Langerhans cell histiocytosis

Langerhans cell histiocytosis (LCH) are rare group of disorders due to the abnormal reproduction and accretion of dendritic cells in various tissues and organs which primarily affects children but also found in adults (Miro et. al., 2018). LCH ranges from a single bone lesion to the involvement of most organ systems which involves bone marrow, liver, spleen, lungs, and the central nervous system. Miro et. al aims to direct this journal towards two specific cases where both have hypopigmented macules as an initial presentation or symptom of LCH. Case 1 presented a 5-month-old African American boy with hypopigmented macules visible on his scalp, chest, abdomen, back, extremities, groin, and buttocks. When viewed under the microscope, there is a prominent band-like permeate of atypical Langerans cells filling the papillary dermis extending to the overlying epidermis. Case 2 showcases a 10-month-old African American girl with rashes on her neck, groin, and axillary regions who was diagnosed by her pediatrician with eczema and yeast infection. She, too, has hypopigmented macules on her back and posterior scalp including inguinal folds with pink papules coalescing into erosive plaques or commonly known as rashes.
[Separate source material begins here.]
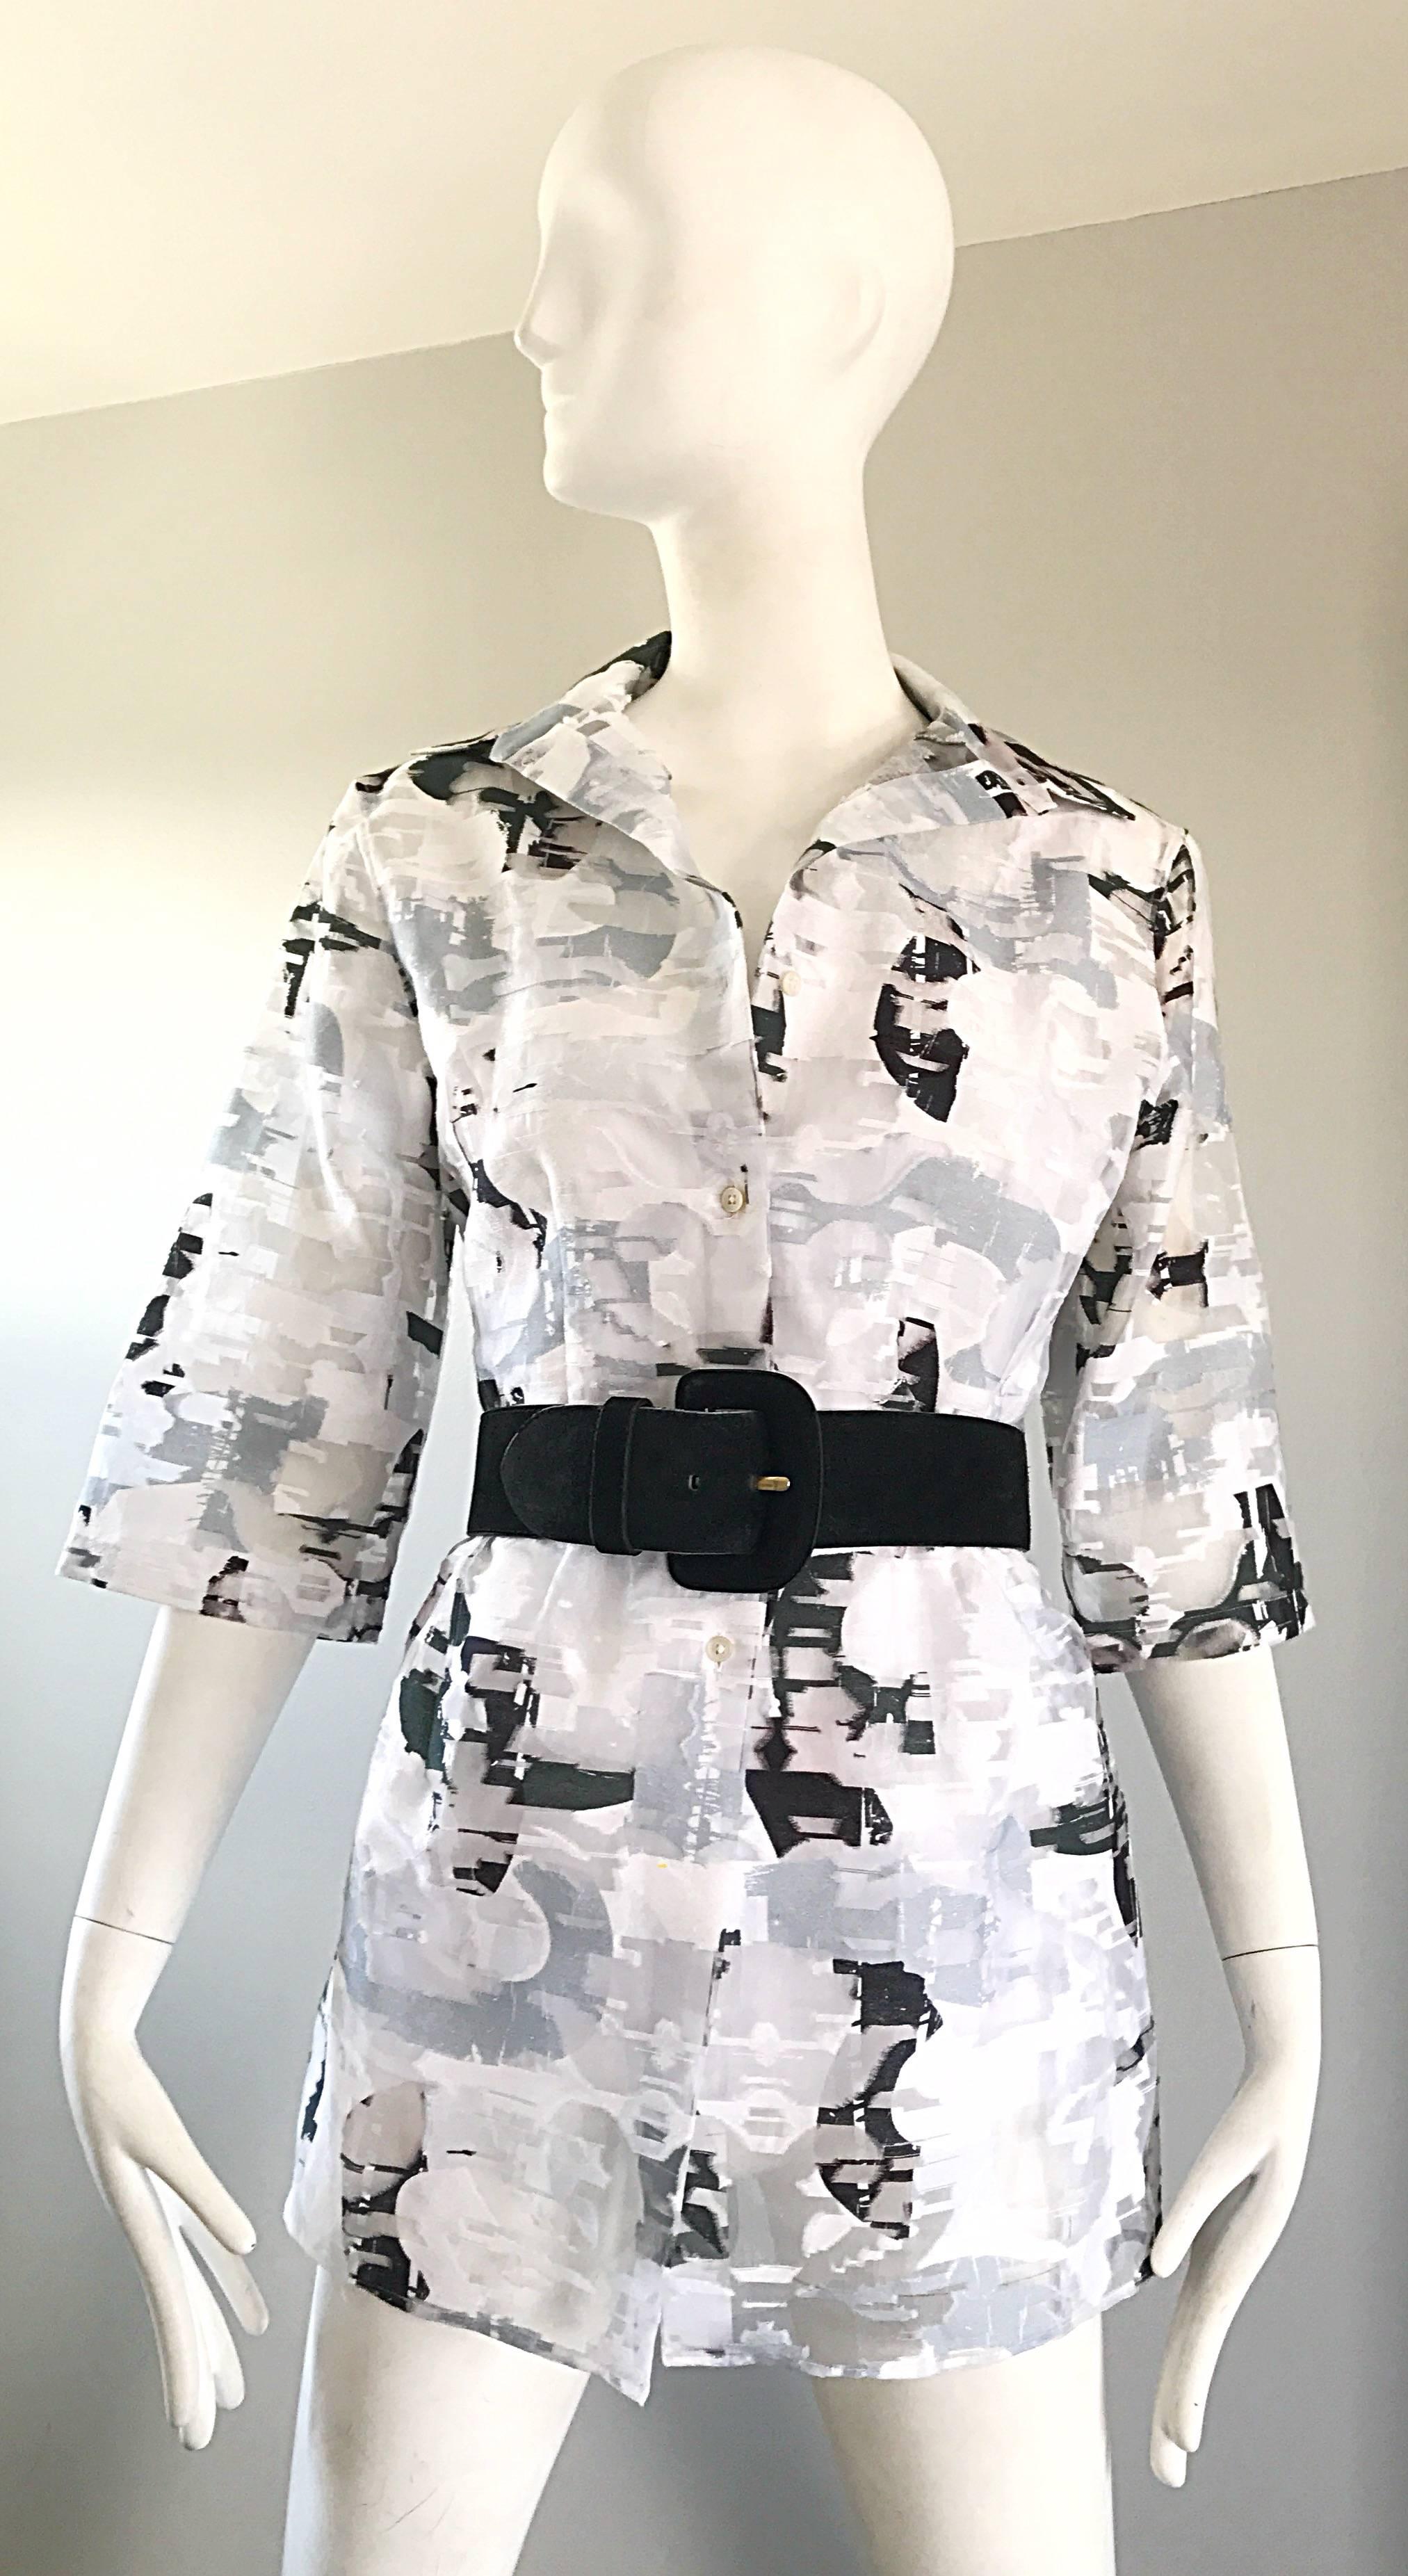 Brand new with tags vintage 90s JIL SANDER black, white and gray abstract print semi sheer blouse! Features a black and white abstract print with grey mixed in. Attached white interior shell. Buttons up the bodice. Great belted or alone. In great

LCH, then, results from the clonal proliferation of CD207+ myeloid dendritic cells which can be based on identification of characteristic CD1a, S100, or Langerin (CD207+; mononuclear cells. This disease can be classified according to the extent of organ involvement: single system which involves one organ system such as the skin, bone, or lungs which can be further categorized according to being unifocal and multifocal and multisystem that involves two or more organ systems. Manifestations mentioned of LCH in this journal was erythematous or reddening, scaling rash on the scalp and bent or curved areas similar to that of seborrheic dermatitis. Hypopigmented presentations then indicate a better prognosis. As for the treatment, children diagnosed with LCH were treated with vinblastine which is an anti-cancer chemotheraphy drug and prednisone or an oral synthetic corticosteriod when it reaches further than the cutaneous layer. Whilst, infants diagnosed with cutaenous LCH requires close observation with follow-up assessment regarding the development of multisystemic diseases. In conclusion, hypopigmented macules are the only presentation of LCH with older lesions regresses with time and contain no or very few identifiable Langerhans cells.